----- DATASET RECORDS -----

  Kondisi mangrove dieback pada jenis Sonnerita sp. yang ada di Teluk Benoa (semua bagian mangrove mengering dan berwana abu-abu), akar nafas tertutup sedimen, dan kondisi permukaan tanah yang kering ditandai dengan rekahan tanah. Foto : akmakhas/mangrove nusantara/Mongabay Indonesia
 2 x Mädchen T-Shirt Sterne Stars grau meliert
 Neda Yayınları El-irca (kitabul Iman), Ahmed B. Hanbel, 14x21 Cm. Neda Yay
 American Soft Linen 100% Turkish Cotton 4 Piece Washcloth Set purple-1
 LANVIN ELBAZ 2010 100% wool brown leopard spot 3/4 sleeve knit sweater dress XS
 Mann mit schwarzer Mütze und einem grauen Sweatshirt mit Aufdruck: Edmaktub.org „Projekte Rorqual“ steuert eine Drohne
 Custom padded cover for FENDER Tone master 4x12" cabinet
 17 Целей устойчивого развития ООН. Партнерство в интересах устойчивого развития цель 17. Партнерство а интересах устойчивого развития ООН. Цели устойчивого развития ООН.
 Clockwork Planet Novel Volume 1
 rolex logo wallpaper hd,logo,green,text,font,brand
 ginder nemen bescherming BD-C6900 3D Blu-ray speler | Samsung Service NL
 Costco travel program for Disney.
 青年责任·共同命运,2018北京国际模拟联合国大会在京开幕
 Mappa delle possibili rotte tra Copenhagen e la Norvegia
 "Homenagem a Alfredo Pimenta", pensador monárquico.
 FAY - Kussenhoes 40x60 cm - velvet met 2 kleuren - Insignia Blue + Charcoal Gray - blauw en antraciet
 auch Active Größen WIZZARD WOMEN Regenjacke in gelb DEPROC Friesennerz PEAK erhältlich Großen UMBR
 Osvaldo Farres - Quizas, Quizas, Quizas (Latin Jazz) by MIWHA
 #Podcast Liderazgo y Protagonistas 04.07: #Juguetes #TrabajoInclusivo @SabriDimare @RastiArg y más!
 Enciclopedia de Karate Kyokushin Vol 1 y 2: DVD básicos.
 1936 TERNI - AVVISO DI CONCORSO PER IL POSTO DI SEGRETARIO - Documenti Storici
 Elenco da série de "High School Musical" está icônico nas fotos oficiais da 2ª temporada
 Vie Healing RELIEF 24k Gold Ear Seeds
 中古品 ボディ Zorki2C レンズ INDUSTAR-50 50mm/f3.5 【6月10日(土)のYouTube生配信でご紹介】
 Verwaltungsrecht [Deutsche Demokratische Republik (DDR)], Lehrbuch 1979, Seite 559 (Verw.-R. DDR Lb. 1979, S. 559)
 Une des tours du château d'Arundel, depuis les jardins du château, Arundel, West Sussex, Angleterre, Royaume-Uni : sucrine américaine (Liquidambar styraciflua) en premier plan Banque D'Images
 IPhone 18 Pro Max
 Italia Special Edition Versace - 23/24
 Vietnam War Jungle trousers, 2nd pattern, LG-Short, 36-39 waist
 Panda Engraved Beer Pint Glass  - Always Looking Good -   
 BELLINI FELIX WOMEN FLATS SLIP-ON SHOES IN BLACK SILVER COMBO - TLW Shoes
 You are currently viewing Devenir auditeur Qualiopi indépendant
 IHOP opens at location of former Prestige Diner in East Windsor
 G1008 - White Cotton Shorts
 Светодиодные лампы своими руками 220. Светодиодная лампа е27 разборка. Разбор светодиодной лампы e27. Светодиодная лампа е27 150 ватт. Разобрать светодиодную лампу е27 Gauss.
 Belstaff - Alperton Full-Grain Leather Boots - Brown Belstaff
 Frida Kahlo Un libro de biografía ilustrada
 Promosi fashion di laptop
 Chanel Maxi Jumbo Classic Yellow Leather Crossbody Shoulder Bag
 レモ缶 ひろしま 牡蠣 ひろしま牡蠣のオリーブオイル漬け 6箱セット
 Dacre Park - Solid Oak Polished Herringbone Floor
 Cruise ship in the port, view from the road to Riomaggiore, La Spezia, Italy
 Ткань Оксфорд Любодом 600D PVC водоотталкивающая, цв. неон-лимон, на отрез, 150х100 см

-----

__WHAT THE EXERCISE ASKS__: Would you restate the material above word for word?

__REPLY__:
  Kondisi mangrove dieback pada jenis Sonnerita sp. yang ada di Teluk Benoa (semua bagian mangrove mengering dan berwana abu-abu), akar nafas tertutup sedimen, dan kondisi permukaan tanah yang kering ditandai dengan rekahan tanah. Foto : akmakhas/mangrove nusantara/Mongabay Indonesia
 2 x Mädchen T-Shirt Sterne Stars grau meliert
 Neda Yayınları El-irca (kitabul Iman), Ahmed B. Hanbel, 14x21 Cm. Neda Yay
 American Soft Linen 100% Turkish Cotton 4 Piece Washcloth Set purple-1
 LANVIN ELBAZ 2010 100% wool brown leopard spot 3/4 sleeve knit sweater dress XS
 Mann mit schwarzer Mütze und einem grauen Sweatshirt mit Aufdruck: Edmaktub.org „Projekte Rorqual“ steuert eine Drohne
 Custom padded cover for FENDER Tone master 4x12" cabinet
 17 Целей устойчивого развития ООН. Партнерство в интересах устойчивого развития цель 17. Партнерство а интересах устойчивого развития ООН. Цели устойчивого развития ООН.
 Clockwork Planet Novel Volume 1
 rolex logo wallpaper hd,logo,green,text,font,brand
 ginder nemen bescherming BD-C6900 3D Blu-ray speler | Samsung Service NL
 Costco travel program for Disney.
 青年责任·共同命运,2018北京国际模拟联合国大会在京开幕
 Mappa delle possibili rotte tra Copenhagen e la Norvegia
 "Homenagem a Alfredo Pimenta", pensador monárquico.
 FAY - Kussenhoes 40x60 cm - velvet met 2 kleuren - Insignia Blue + Charcoal Gray - blauw en antraciet
 auch Active Größen WIZZARD WOMEN Regenjacke in gelb DEPROC Friesennerz PEAK erhältlich Großen UMBR
 Osvaldo Farres - Quizas, Quizas, Quizas (Latin Jazz) by MIWHA
 #Podcast Liderazgo y Protagonistas 04.07: #Juguetes #TrabajoInclusivo @SabriDimare @RastiArg y más!
 Enciclopedia de Karate Kyokushin Vol 1 y 2: DVD básicos.
 1936 TERNI - AVVISO DI CONCORSO PER IL POSTO DI SEGRETARIO - Documenti Storici
 Elenco da série de "High School Musical" está icônico nas fotos oficiais da 2ª temporada
 Vie Healing RELIEF 24k Gold Ear Seeds
 中古品 ボディ Zorki2C レンズ INDUSTAR-50 50mm/f3.5 【6月10日(土)のYouTube生配信でご紹介】
 Verwaltungsrecht [Deutsche Demokratische Republik (DDR)], Lehrbuch 1979, Seite 559 (Verw.-R. DDR Lb. 1979, S. 559)
 Une des tours du château d'Arundel, depuis les jardins du château, Arundel, West Sussex, Angleterre, Royaume-Uni : sucrine américaine (Liquidambar styraciflua) en premier plan Banque D'Images
 IPhone 18 Pro Max
 Italia Special Edition Versace - 23/24
 Vietnam War Jungle trousers, 2nd pattern, LG-Short, 36-39 waist
 Panda Engraved Beer Pint Glass  - Always Looking Good -   
 BELLINI FELIX WOMEN FLATS SLIP-ON SHOES IN BLACK SILVER COMBO - TLW Shoes
 You are currently viewing Devenir auditeur Qualiopi indépendant
 IHOP opens at location of former Prestige Diner in East Windsor
 G1008 - White Cotton Shorts
 Светодиодные лампы своими руками 220. Светодиодная лампа е27 разборка. Разбор светодиодной лампы e27. Светодиодная лампа е27 150 ватт. Разобрать светодиодную лампу е27 Gauss.
 Belstaff - Alperton Full-Grain Leather Boots - Brown Belstaff
 Frida Kahlo Un libro de biografía ilustrada
 Promosi fashion di laptop
 Chanel Maxi Jumbo Classic Yellow Leather Crossbody Shoulder Bag
 レモ缶 ひろしま 牡蠣 ひろしま牡蠣のオリーブオイル漬け 6箱セット
 Dacre Park - Solid Oak Polished Herringbone Floor
 Cruise ship in the port, view from the road to Riomaggiore, La Spezia, Italy
 Ткань Оксфорд Любодом 600D PVC водоотталкивающая, цв. неон-лимон, на отрез, 150х100 см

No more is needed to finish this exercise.